Ok, I know this isn’t the most exciting notion of a sandwich, but scroll down and see the pics of this creation and you’ll at least wonder if it tastes as good as it looks.
Are you back?
Ok, give me credit- I creatively reused -instead of wasted-that plethora of duck fat that came from my duckling last week (read more about it in my post, To Roast a Duckling.
Well, I don’t deserve a whole lot of credit. It really wasn’t my notion of ‘reusing’ that spurred me into this frenzy of finding dishes I could cook using it; it was more of my gourmet-obsessed mind to create dishes that look like they’ve come straight out of a (fancy) restaurant. I read about how all the best chefs in the world tout the incredible flavor that drips from this bird. I want to be like them, in my own kitchen (and without all the stress). Besides, did I forget to mention that Julia Child told me (not directly, of course) to use this fat, too?
You might be thinking that this fat isn’t very healthy, comparing its thick texture when cold to hydrogenated oils, hardened vegetable oils used to line your baking pan, or even lard, but duck fat doesn’t fall anywhere near those oils in comparison. In categories of taste, versatility and healthiness, it beats out all of them.
I’m not a doctor or a nutritionist, so I know I can’t give medical advice, but I can suggest you read more about what the experts have to say about it. There is a long, but particularly interesting article about saturated fats by Dr. Mary Enig and Sally Fallon in the link below. They mention duck fat by name in their reference to how the French have a ‘lower rate of coronary heart disease than many other western countries’.
I also really love a book called Real Food by author Nina Planck. The information she provides in her book really helped me to release my fear of eating butter, cheese, whole milk and animal fats (halal only, of course). In fact, she provides solid and clear arguments about why you shouldn’t choose otherwise. Foods that are processed, chemically altered, genetically modified, unnaturally preserved, and even some that are pasteurized really come into question in her book. I suggest anyone interested in getting healthy or responsible for feeding and raising young children should read this book cover to cover.
Ok, so I got off topic for a minute- but found a great opportunity to share one of my favorite authors with you….
Back to the roasted peppers.
I had an enormous bag of ‘Mysteriously Sweet Red Peppers’ from Mexico- yes, that was on the label- that I had to do something with. They were nice enough to stay firm in my refrigerator’s crisper until I could figure out what I wanted to do with them for a week or two.
Sweet Red Peppers Roasted in Duck Fat
I decided on roasted vegetables- an easy dish because all you have to do is spend a few minutes to loosely chop your items, throw on some salt, a bit of sugar, any seasoning you like and add some fat. Put them in an oven-safe dish and throw them in the oven at 350-375 degrees and wait for your nose to tell you they’re done, not burnt.
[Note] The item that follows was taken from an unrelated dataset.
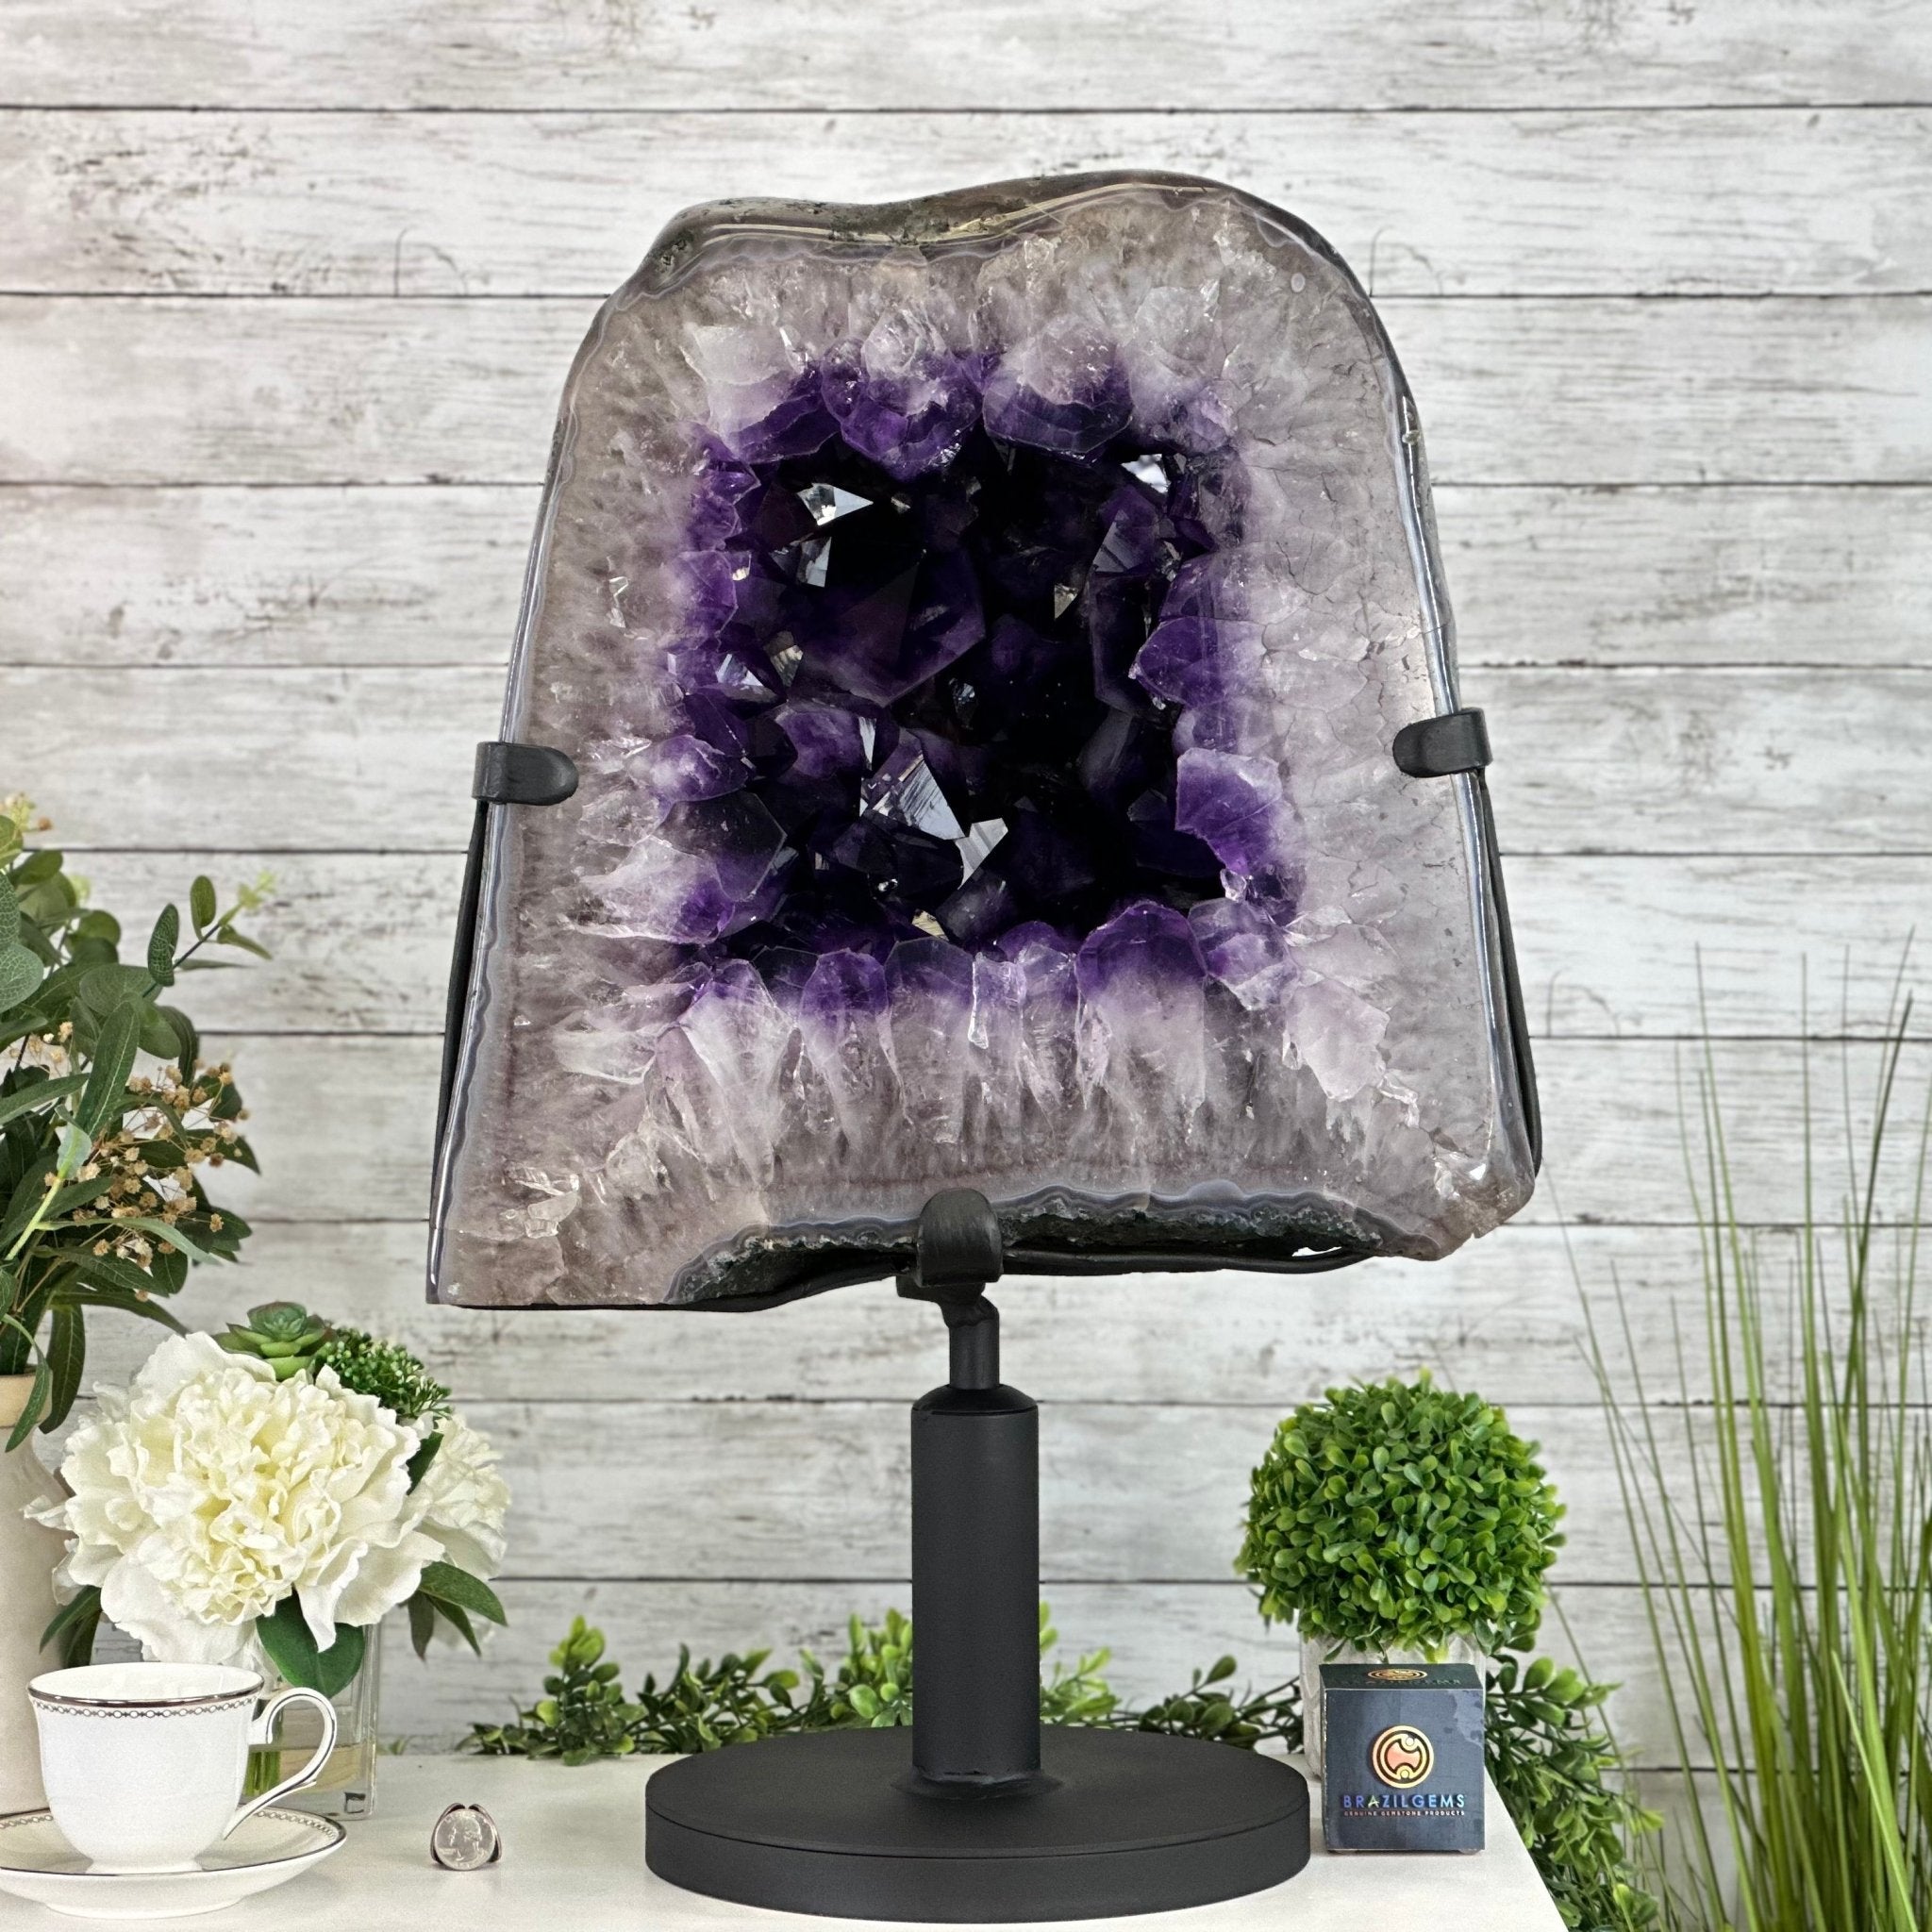 Super Quality Amethyst Cluster on Rotating Stand, 129.6 lbs & 26.2" Tall #5492 - 0031 - Brazil GemsBrazil GemsSuper Quality Amethyst Cluster on Rotating Stand, 129.6 lbs & 26.2" Tall #5492 - 0031Clusters on Rotating Bases5492 - 0031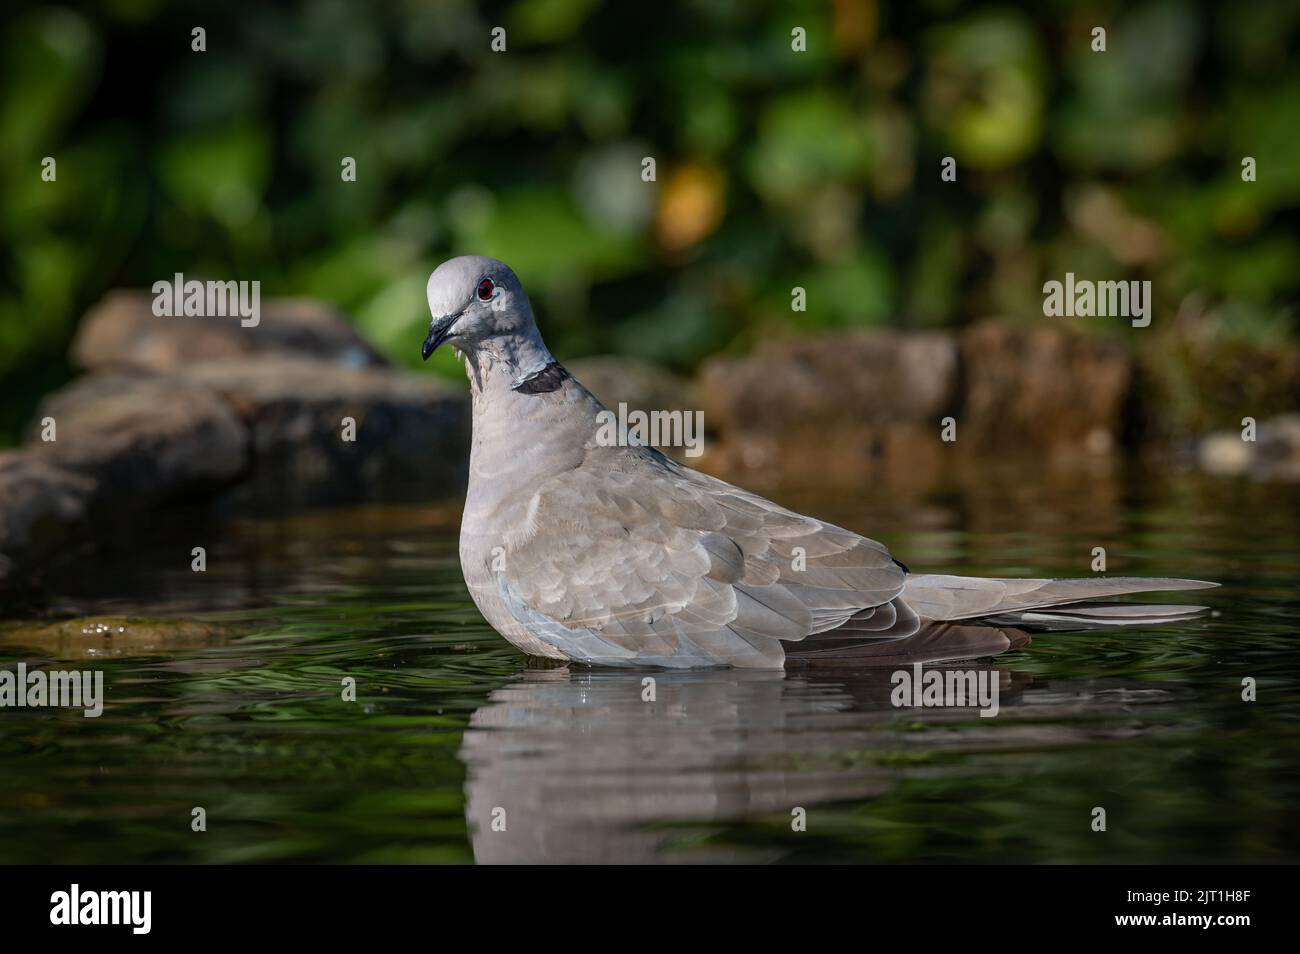 Collared Dove in water bathing with reflection facing the camera Stock Photo

Mine took about 40-45 minutes to get really nice and brown.
In this particular dish, I added red onions and whole, peeled garlic cloves to add flavor. I used about 4 TB. of the cold duck fat, but a great alternative is extra virgin olive oil. You could add eggplant or zucchini- any type of vegetable with a similar cooking time. Carrots or potatotes would need longer to cook unless they are blanched, so don’t use them unless they are.
When your dish is done, serve with French, Italian or pita bread and dip your peppers into them. You could also serve as a side dish to chicken, or top a pasta dish that needs a bit of jazzing up.
That’s where this sandwich comes in:
Roasted Red Pepper Sandwich with Melted Cheese
I didn’t want to eat it in the same way the next day, so I got out a sandwich bun and toasted it. Meanwhile, I warmed up my roasted peppers in the microwave with a slice of Tillamook swiss cheese on top. When everything was ready, I ate it with pure delight, realizing I couldn’t have gone out and had a better sandwich elsewhere.
It’s not only the gratification of making your own food, without difficulty or waste, but the gratification of knowing that home really is the best place in the world to eat, making a mini meal like this worth the effort.
So, are you convinced yet? Make this sandwich yourself- or just the peppers as an appetizer with bread- and you’ll become a sort of taste believer.
And, umm, you don’t really have to use duck fat- unless of course you roast a duckling, too.